On Mon, Jan 24, 2022 at 07:44:21PM -0600, Nathan Huckleberry wrote:
> Add hardware accelerated version of POLYVAL for x86-64 CPUs with
> PCLMULQDQ support.
> 
> This implementation is accelerated using PCLMULQDQ instructions to
> perform the finite field computations.  For added efficiency, 8 blocks
> of the plaintext are processed simultaneously by precomputing the first

plaintext => message

> diff --git a/arch/x86/crypto/Makefile b/arch/x86/crypto/Makefile
> index ed187fcd0b01..0214c5f22606 100644
> --- a/arch/x86/crypto/Makefile
> +++ b/arch/x86/crypto/Makefile
> @@ -69,6 +69,9 @@ libblake2s-x86_64-y := blake2s-core.o blake2s-glue.o
>  obj-$(CONFIG_CRYPTO_GHASH_CLMUL_NI_INTEL) += ghash-clmulni-intel.o
>  ghash-clmulni-intel-y := ghash-clmulni-intel_asm.o ghash-clmulni-intel_glue.o
>  
> +obj-$(CONFIG_CRYPTO_POLYVAL_CLMUL_NI_INTEL) += polyval-clmulni-intel.o
> +polyval-clmulni-intel-y := polyval-clmulni-intel_asm.o polyval-clmulni-intel_glue.o
> +

IMO this should be named just polyval-clmulni.  Including "intel" is a bit
gratuituous, given that AMD supports this too, and this is in the x86 directory.
I guess that some of the authors of some of the existing files wanted to include
their company name.  Doesn't actually matter, though; it's up to you.

> diff --git a/arch/x86/crypto/polyval-clmulni-intel_asm.S b/arch/x86/crypto/polyval-clmulni-intel_asm.S
> new file mode 100644
> index 000000000000..4339b58e610d
> --- /dev/null
> +++ b/arch/x86/crypto/polyval-clmulni-intel_asm.S
> @@ -0,0 +1,319 @@
> +/* SPDX-License-Identifier: GPL-2.0 */
> +/*
> + * Copyright 2021 Google LLC
> + *
> + * Use of this source code is governed by an MIT-style
> + * license that can be found in the LICENSE file or at
> + * https://opensource.org/licenses/MIT.
> + */
> +/*
> + * This is an efficient implementation of POLYVAL using intel PCLMULQDQ-NI
> + * instructions.

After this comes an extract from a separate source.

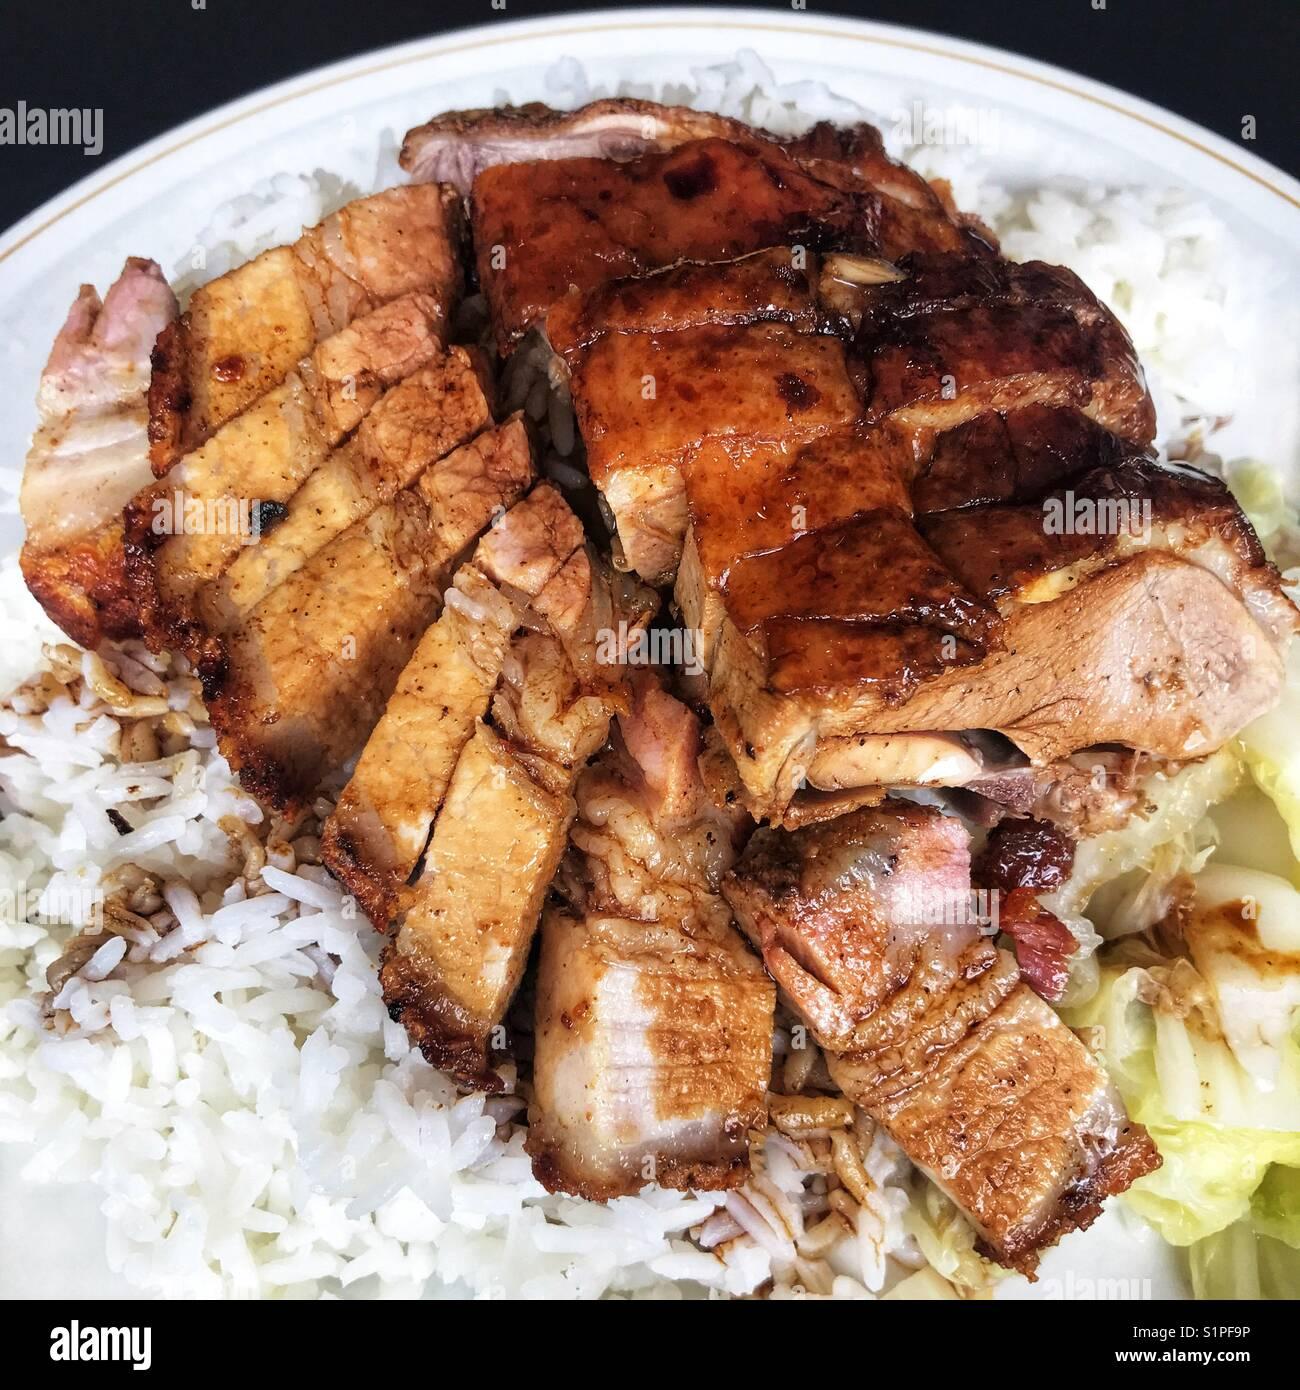 Cantonese roast duck and crispy pork belly rice - Stock Image

It works on 8 blocks at a time, computing the 256 degree
> + * polynomial p(x) = h^8m_0 + ... + h^1m_7. It then computes the modular
> + * reduction of p(x) and XORs p(x) with the current digest.
> + */

What does "256 degree polynomial" mean here?

> +/*
> + * Accepts operand lists of length b in rdi and rsi.

In general the first sentence of a comment describing a function or macro should
be a summary of what it does, not some particular detail.

> + * Computes the product of
> + * each rdi,rsi pair then XORs the products into A, B, C, D.

Where are A, B, and rsi used?

> + * If first == 1 then XOR the value of SUM into the first block processed.
> + * This avoids an extra multication of SUM and h^N.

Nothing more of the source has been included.